他也不说话,从田埂上走过来,撩起袍角蹲在她身边。
伸出手,从她手中接过药锄,一锄下去。
那一锄看著轻飘飘的,却恰好落在离根茎三寸远的地方,锄刃没入泥土。
手腕一转,一撬,整株赤箭连根带土被完整地起了出来,根须完好,没有一根折断。
他將药草上的泥土在田埂上轻轻磕净,又用袖子擦了擦根茎上的泥痕,递给她。
然后站起身,拍了拍膝上的泥。
他拍土的动作很好看,不是乱拍一气,而是用指腹顺著布料的纹路,从膝头往下一拂,泥土便簌簌落下。
“走吧,天色晚了,该回去了。以后,想要什么草药,来师兄药房里拿,不用把自己弄得这般狼狈。”
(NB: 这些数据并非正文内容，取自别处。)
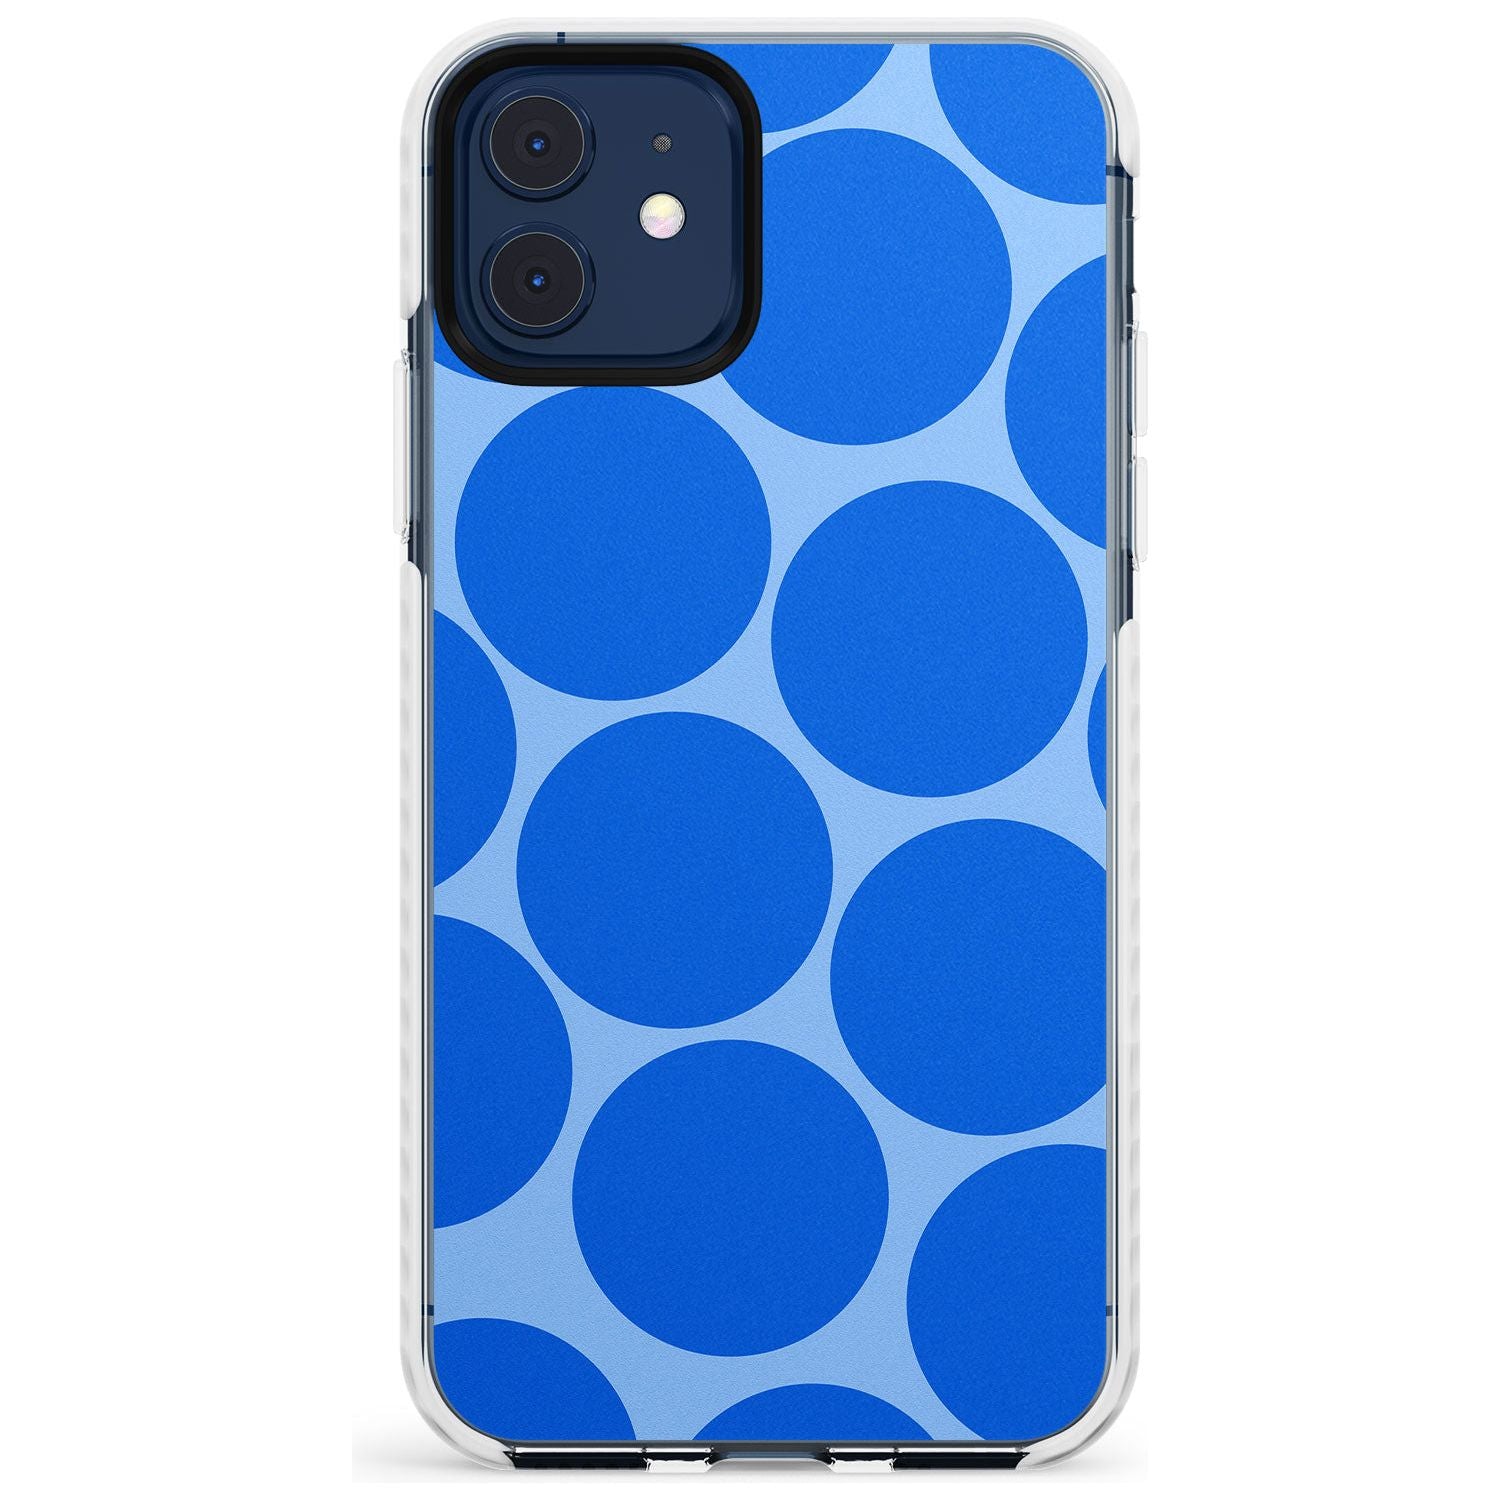 Abstract Retro Shapes: Blue Dots Slim TPU Phone Case for iPhone 11

那时候她仰著脸望著他,夕阳把他的轮廓染成一圈模糊的金色。
她看著他把手伸过来,將她的药锄和药篓一併接过去背在肩上,心想,师兄真的很可靠。
可靠到什么程度呢?
似乎他总是有解决事情的能力。
如今一晃多年过去,她的师兄依旧如初。
九方知將最后一只机关玉瓶装满。
“我装好了。”
那玉瓶在他指间转了小半圈,瓶口的银丝螺纹与瓶塞严丝合缝地咬紧。
发出一声极细微的“咔嗒”轻响,像是某种精密机关归位的声音。
他將玉瓶依次排入机关匣中。每一只瓶子都有自己固定的凹槽,彼此隔开,互不磕碰。
然后合上匣盖,將机关匣收入袖中。
“我这边也好了。”
棠溪雪也將青瓷瓶装满了。
幽蓝的灵髓在瓶口处微微漾动。
她將瓶塞旋紧,用一方素白的帕子擦去瓶身外壁凝出的水珠,然后收了起来。
他们都有储物空间。
九方知的机关匣內藏乾坤,棠溪雪的沧雪之心內蕴空间,若当真起了贪念,足够將这整池灵髓尽数装走。
池畔无人看守,没有禁制,甚至没有人会多看他们一眼。这座城对客人慷慨得近乎毫无防备。
可他们从头到尾没有动过那个念头。
九方知只装了数只玉瓶便收手。
棠溪雪將青瓷瓶装满,便也停了。
他们各自取了一份,不多不少,足够今夜点灯之用,足够明日防身之需。
既不留匱乏之虞,亦不生盈溢之患。
这池中的灵髓是整座瑶光城的命脉。
池畔那些排队取灵髓的妇人和老伯,在巷口奔跑的孩童,长街上安静活过每一个夜晚的寻常人家。
他们都需要这一池幽蓝的光,来抵御蚀螟,来点亮漫漫长夜。
九方知和棠溪雪只是过客,过客取一盏灯油是情分,若將整座灯塔的灯油都搬空了,那便不是取,是夺。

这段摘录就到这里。